*Brief*
Copy out exactly the stretch of the listing below that begins at the line containing "Ant LaRock - BK [Brobot Records]" and ends at the line containing "Printable 5 Day", and copy nothing outside it.

(Source data begins)

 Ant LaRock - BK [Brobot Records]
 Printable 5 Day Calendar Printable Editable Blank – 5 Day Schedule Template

(Source data ends)
(Source data begins)

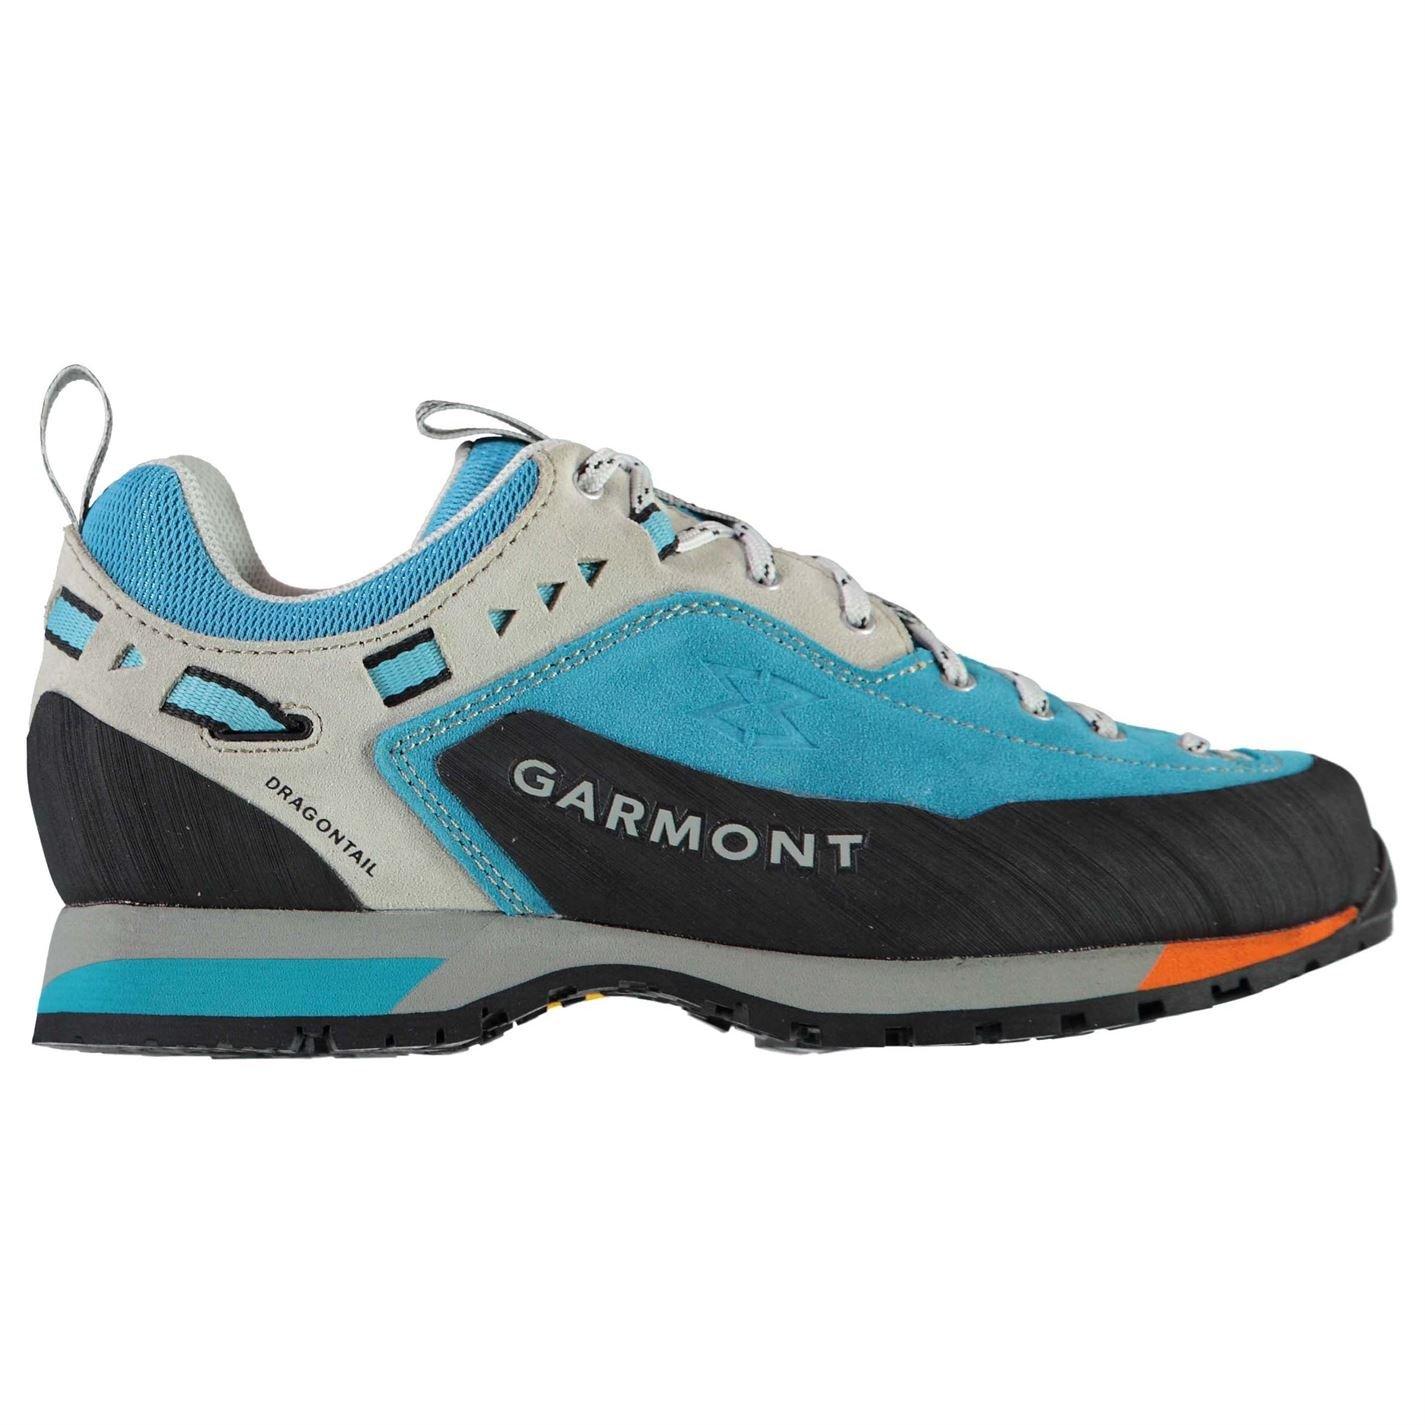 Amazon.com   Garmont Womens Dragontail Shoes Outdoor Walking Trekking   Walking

(Source data ends)
(Source data begins)

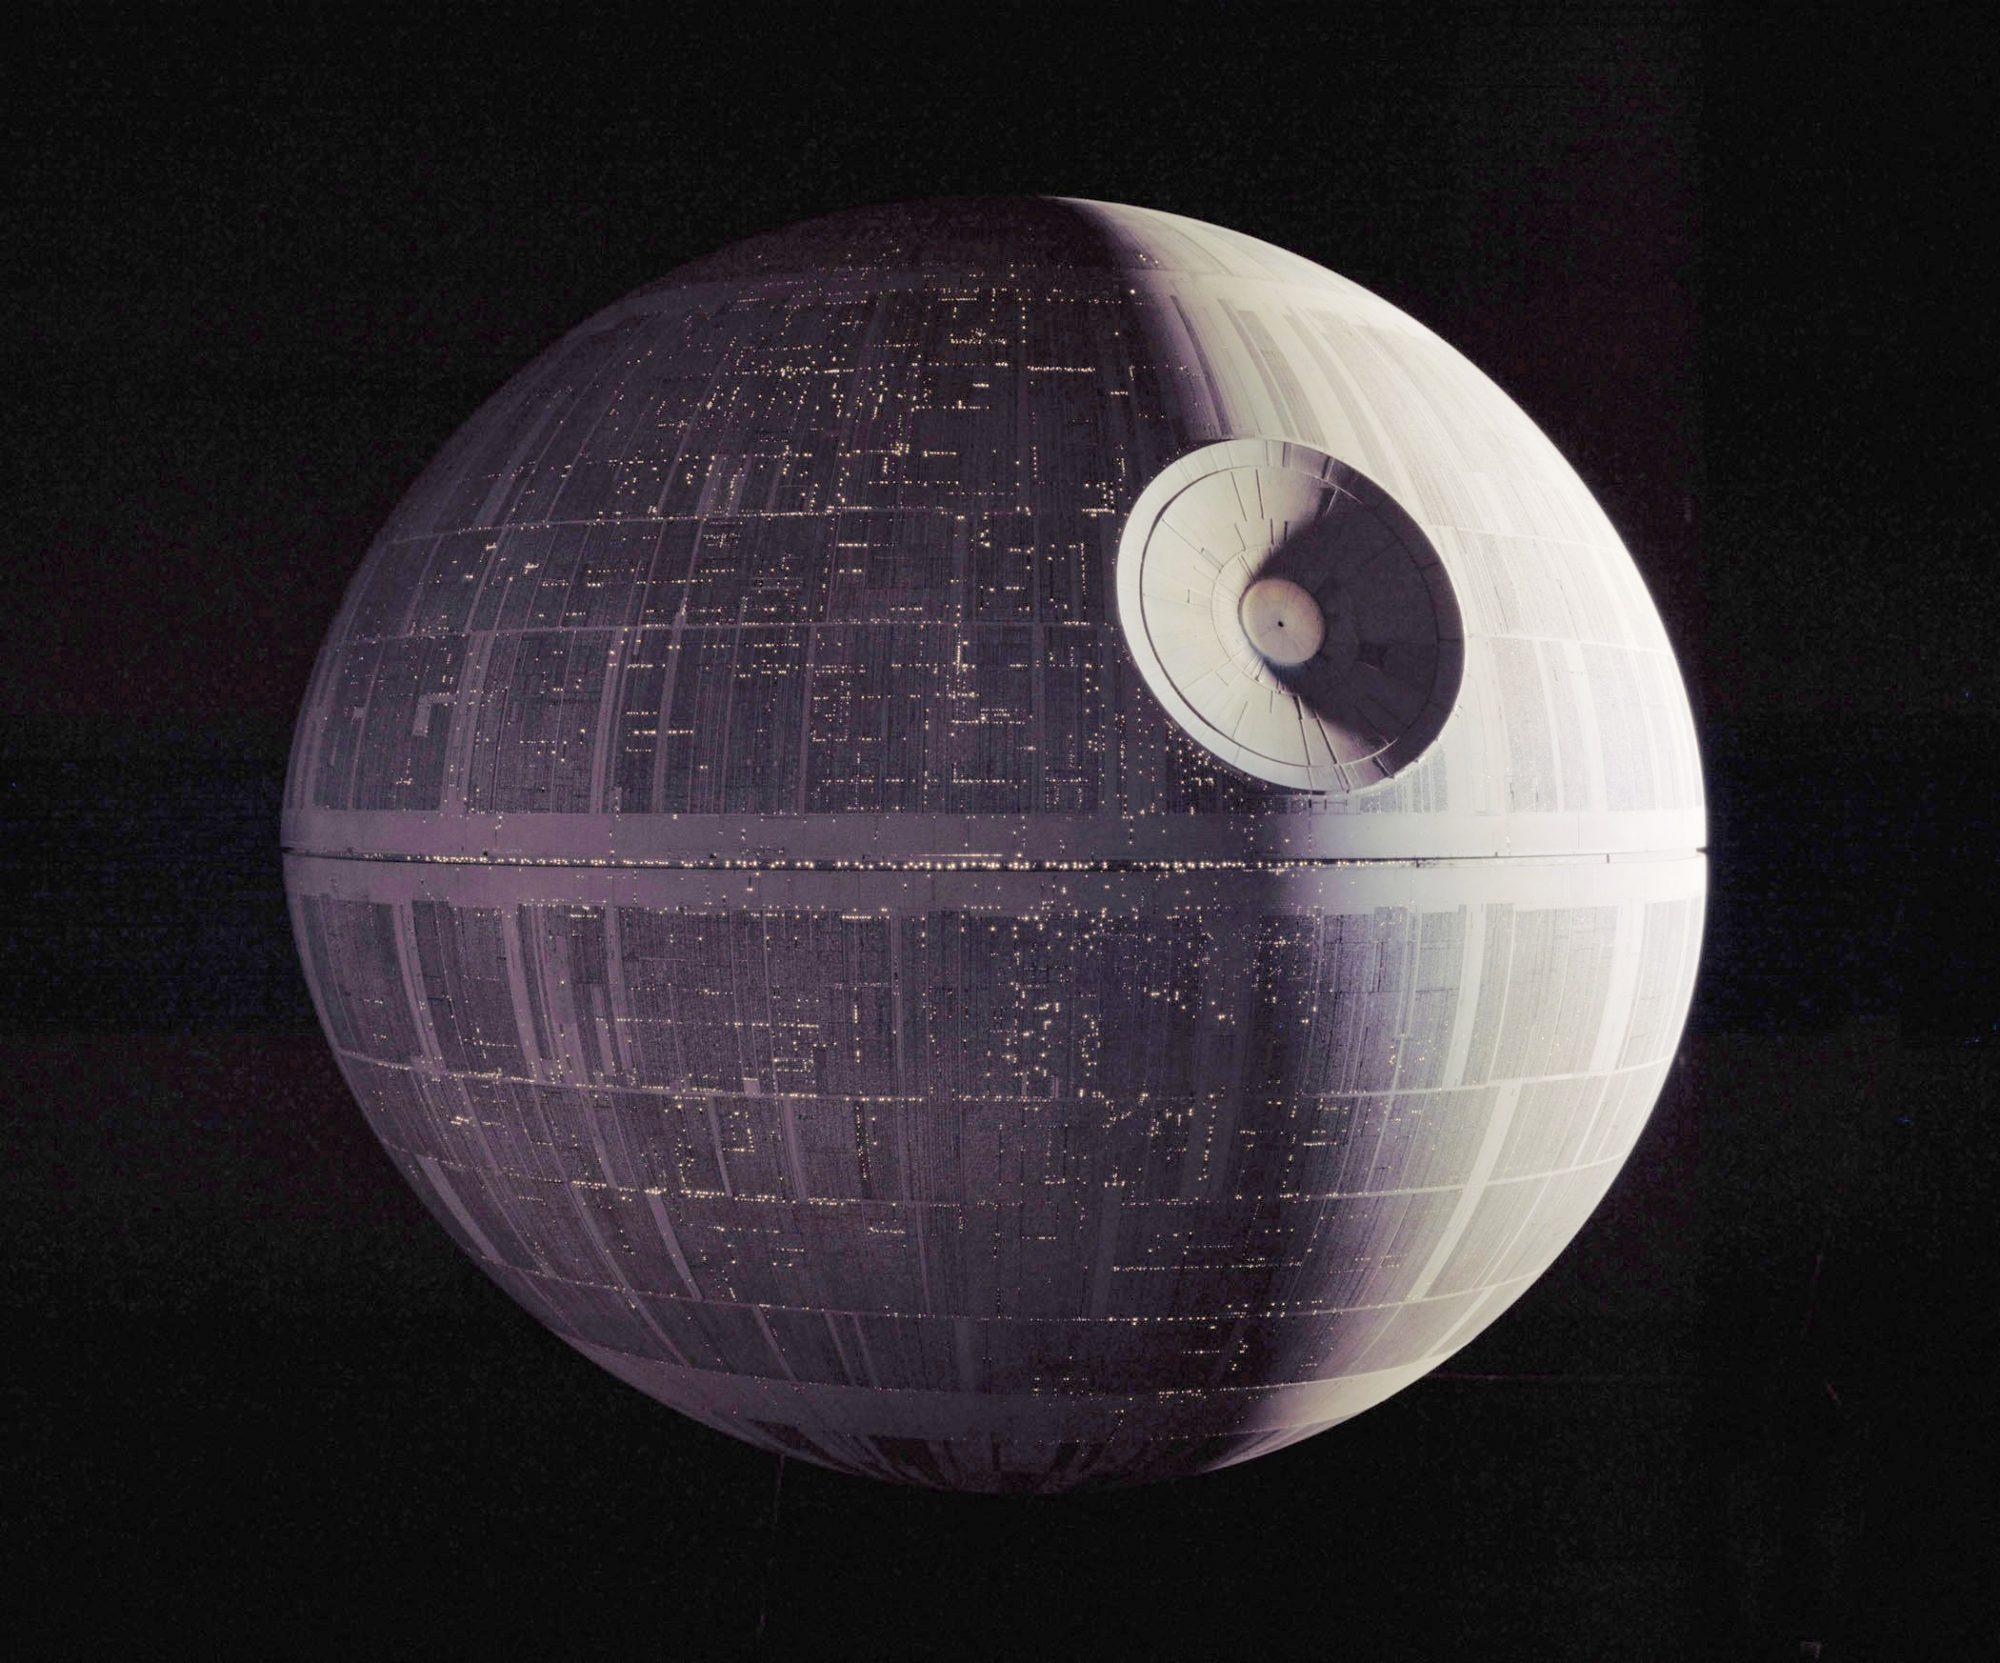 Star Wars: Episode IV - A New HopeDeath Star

(Source data ends)

*Response below*
 Ant LaRock - BK [Brobot Records]
 Printable 5 Day Calendar Printable Editable Blank – 5 Day Schedule Template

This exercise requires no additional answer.